It’s hard not to notice that in interactions both online and off, people seem increasingly polarized when it comes to political, social justice, and moral and ethical issues of all kinds. Rather than engaging in a civil discussion, debates turn into emotionally-charged flame wars, marked by blame, shame, and the exchange of insults. Such interactions are acrimonious, seemingly interminable, and markedly shrill.

What accounts for the tenor of these melees on morality?

Some astute observers have posited that our political and social positions have become more fervent as society has become more secular. People seem to have an ingrained penchant for the “religious” — a proclivity to draw lines between us and them, the pure and the polluted, doctrine and heresy, the unconverted and the woke — and in the absence of traditional faith-based outlets for these energies, have channeled these “religious” impulses towards partisan politics.

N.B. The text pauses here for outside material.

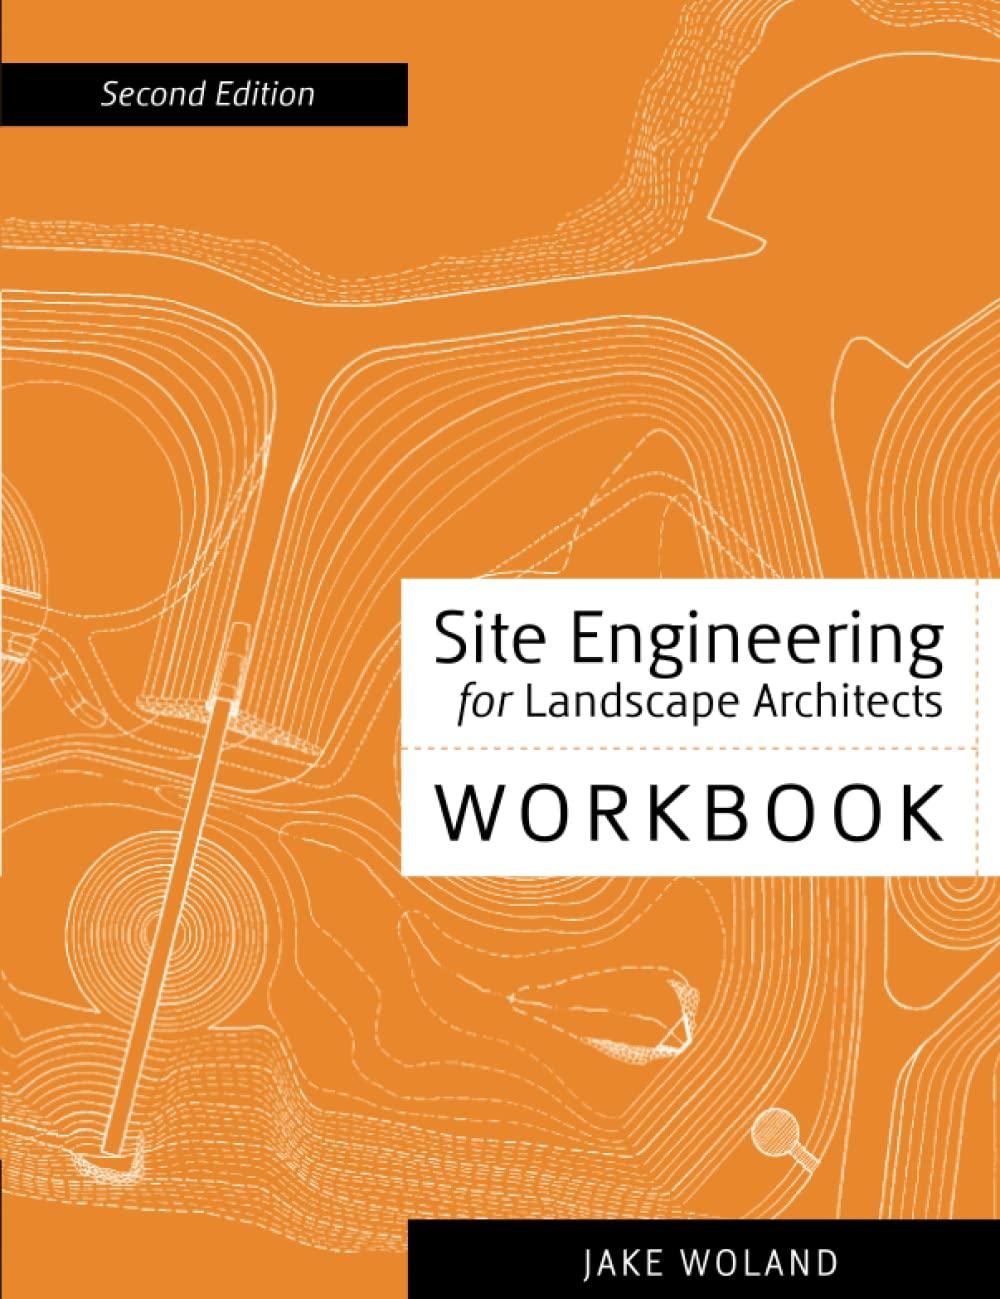 site engineering for landscape architects workbook 2nd edition jake woland 978-1118090855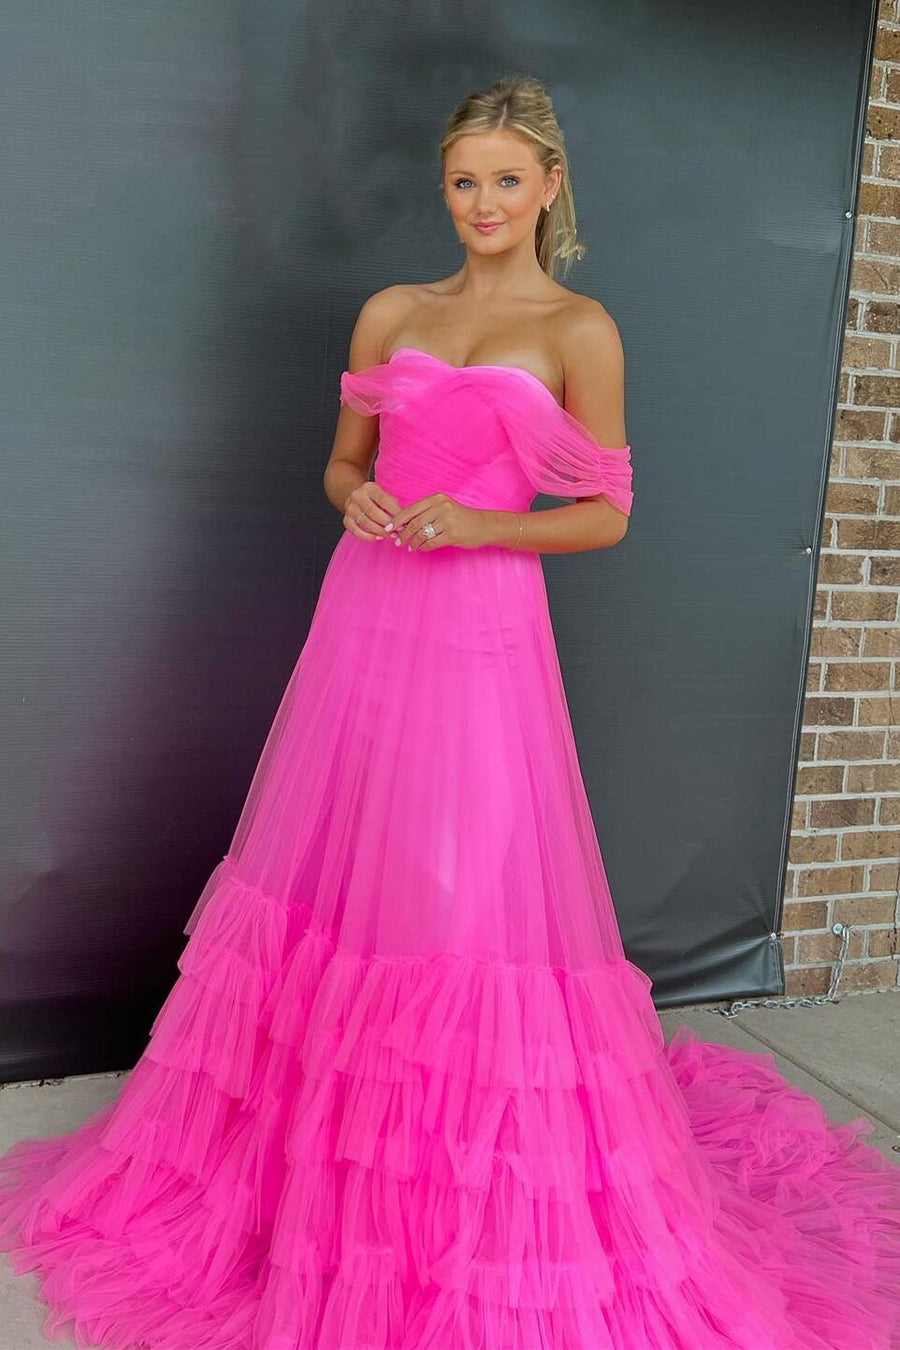 Cross Front Neon Pink Tulle Formal Dress

There’s surely something to this theory. But the shrillness of our modern debates on morality has an even deeper underlying cause.
The 3 Elements of a Rational, Functional Moral Culture

In After Virtue, philosopher Alasdair MacIntyre argues that Aristotelian virtue ethics offers the best model of a healthy and well-functioning moral system; its strength, he asserts, is the presence of three elements — all of which must be in place for any moral system to thrive:
1. Man-as-he-happens-to-be.

This is a human being in his raw, morally untutored state. This is man left to his own devices and allowed to follow his default impulses. Man on the path of least resistance.
2. A view of man-as-he-could-be-if-he-realized-his-telos.

Telos is the Greek word for man’s ultimate aim. It represents his ultimate purpose and function — an essential nature that can only be realized by throwing off the inertia of default desires and actively striving after it.

For the ancient Greeks, a man’s telos was reaching a state of eudaimonia; a word that is hard to translate but means something akin to happiness, excellence — full human flourishing. For Aristotle specifically, eudaimonia meant not only possessing good character, but achieving excellence in action. Virtue was both the goal and the practice — the end man should strive for, and the active means of attaining that end.

For Aristotle, a “good man” was as functional and objective a concept as a “good watch” or a “good musician.” A good watch accurately tells time; a good musician plays his instrument well; and a good man fulfills his purpose as a man. Each statement, the philosopher would say, is equally objective and factual.
3. An ethical code that allows a man to move from state #1 to state #2.

Man-as-he-happens-to-be and man-if-he-realized-his-telos are antagonistic states — one slides into the lowest and easiest, while the other aims for the noblest and highest.

To transition from the former to the latter — to access one’s full potential — you need to adopt certain behaviors and habits of action. What behaviors and actions to take are prescribed by a set of ethics that are specifically designed to move you from state #1 to state #2. The code lays out which virtues will take you towards your telos, and conversely, which vices will stymie your progress in reaching it. As MacIntyre explains:

    “The precepts which enjoin the various virtues and prohibit the vices which are their counterparts instruct us how to move from potentiality to act, how to realize our true nature and to reach our true end. To defy them will be to be frustrated and incomplete, to fail to achieve that good of rational happiness which it is peculiarly ours as a species to pursue.”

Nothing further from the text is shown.